A recurring constant in the intellectual biography of Petrarch was his massive interest in history. It is no coincidence that already in the 1320s he had copied the entire Livy obtainable at the time. Furthermore, Petrarch himself had been an active historiographer since the 1330s, when he started writing De viris illustribus.
However, Petrarch’s relevance for historiography was not founded on unveiling some detail about one or the other odd battle, consul, or emperor. It lay in his radical reappraisal and reorganization of history as such.
Since his youth, Petrarch had felt a thorough disliking of his own era (''ista aetas”) (Posteritati, 262). This is why he soon bore down on reading historians, trying to gain knowledge of another era, that of antiquity (‘‘vetustas’’) (Posteritati, 262). Thus, Petrarch constituted no less than two fundamentally divergent epochs of history, his own, and antiquity. The difference between them evidently was one of quality - antiquity, which to Petrarch primarily meant the long period of Roman dominance, was an era of peace, justice, and virtue (Alpopolo romano, 182), and, as signified by De ignorantia, the age of intellectual greats spanning from Cicero via Seneca through to St Ambrose and St Augustine. In other words, antiquity was presented as the ‘‘good’’ old days. In contrast, his own era, which had already lasted for several centuries and which Petrarch at one point referred to as the middle, “medium” age (Ad Franciscum priorem Sanctorum Apostolorum de Florentia, 322), was an era of extensive “darkness” (“tenebrae”) (Ad Agapitum de Columna, 29). In order to overcome this darkness, both morally and intellectually, Petrarch drafted the new direction with his De ignorantia. If this new path was adhered to, there was hope of the dawning of a third, more felicitous age (“felicius aevum’’) (Ad Franciscum priorem, 322).
Petrarch, thus, was the first to ever formulate a clear apprehension of the existence of epochs - both in intellectual and in real history. These eras extended over an exceedingly long time period, encompassing several centuries, and were constituted by a coherent set of specific characteristics that influenced every sphere of life.
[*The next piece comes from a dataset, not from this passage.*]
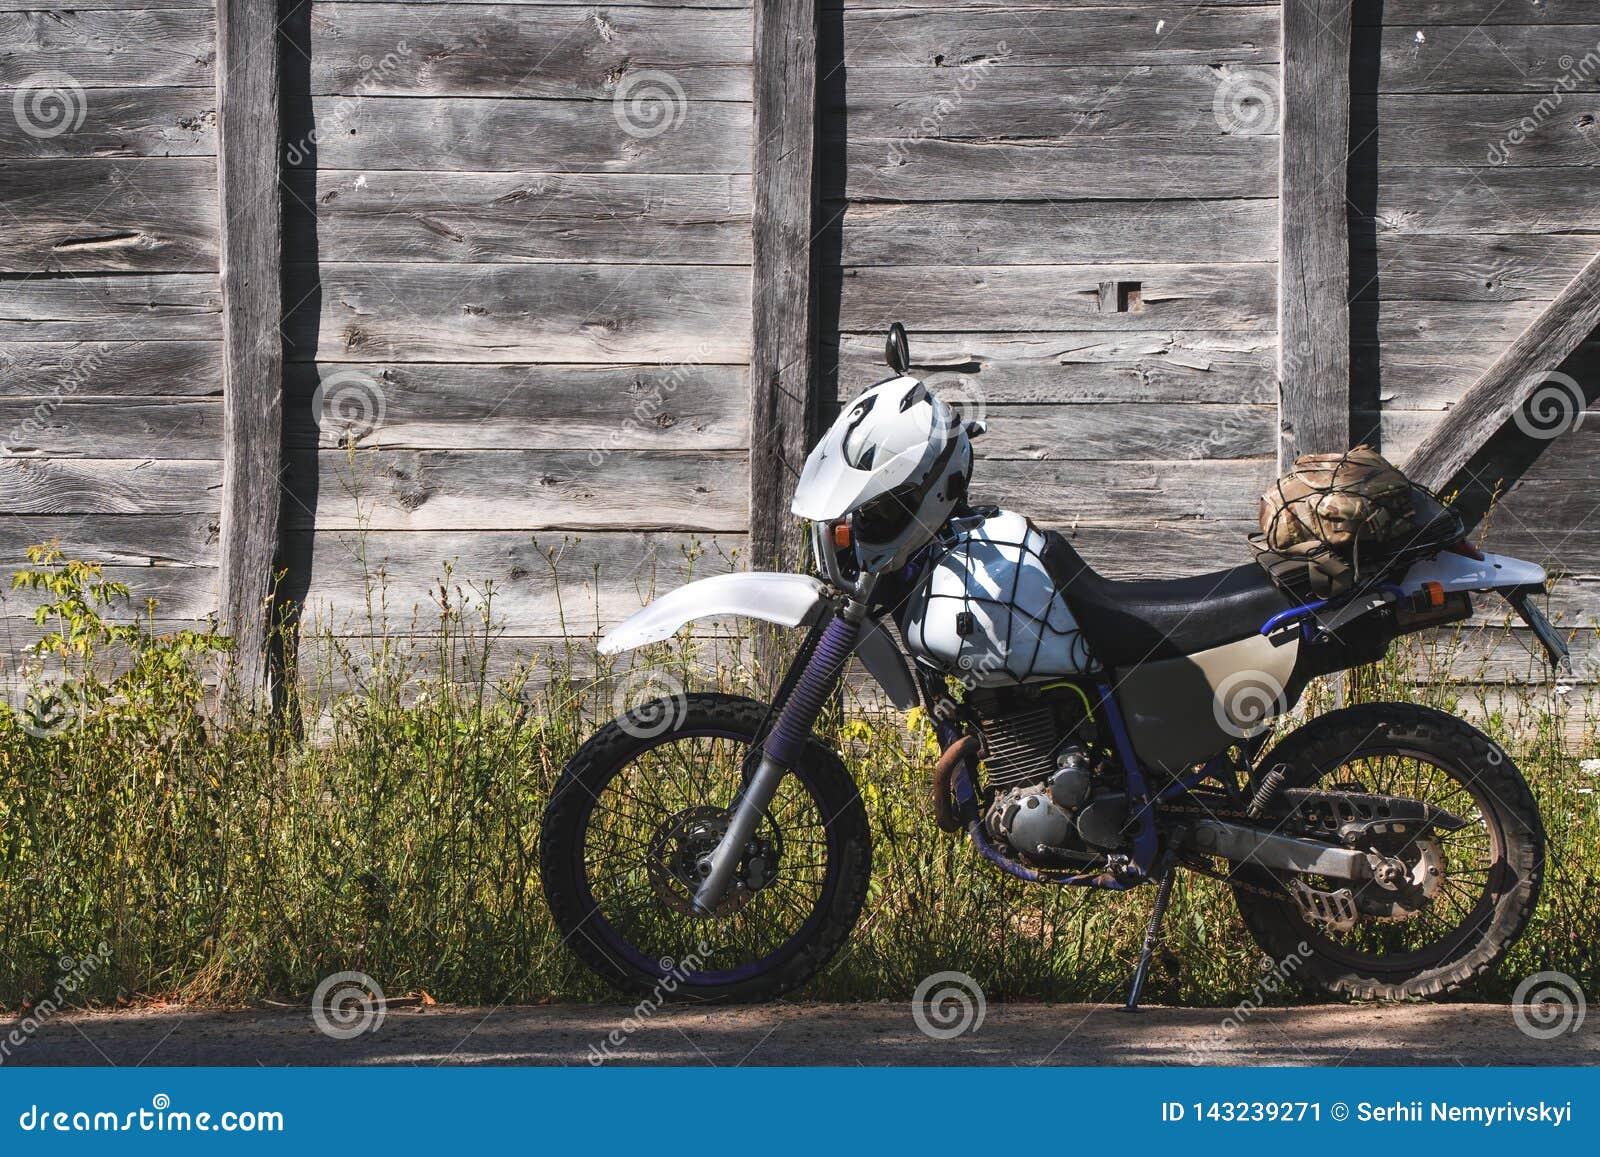 Bike vintage background wooden off road retro enduro

As to quantity, Petrarch defined three different eras - antiquity, the ongoing ‘‘middle’’age, and an era that he hoped would dawn in the near future. Basically, Petrarch thus anticipated the chronological classification of epochs into Antiquity, Middle Ages, and Modern Age that is still applied today. As to quality, Petrarch introduced a definite hierarchy - there was the highlight in the form of exemplary, luminous antiquity, then the low point of his own, the ‘‘middle’’ age, characterized by obstructive gloom, and then the hope of a third era in the future, when, by consequently orienting oneself on Roman models, one might be released from contemporary darkness and at least return to a relatively high level. In other words, for history in total Petrarch neither envisioned a permanent degeneration nor a continuing progress, but rather an up and down caused by mankind itself.
Both Petrarch’s high esteem of antiquity and his qualitative depreciation of the ‘‘Middle Ages’’ as a substantially ‘‘dark’’ era turned out to be exceedingly influential during the following centuries.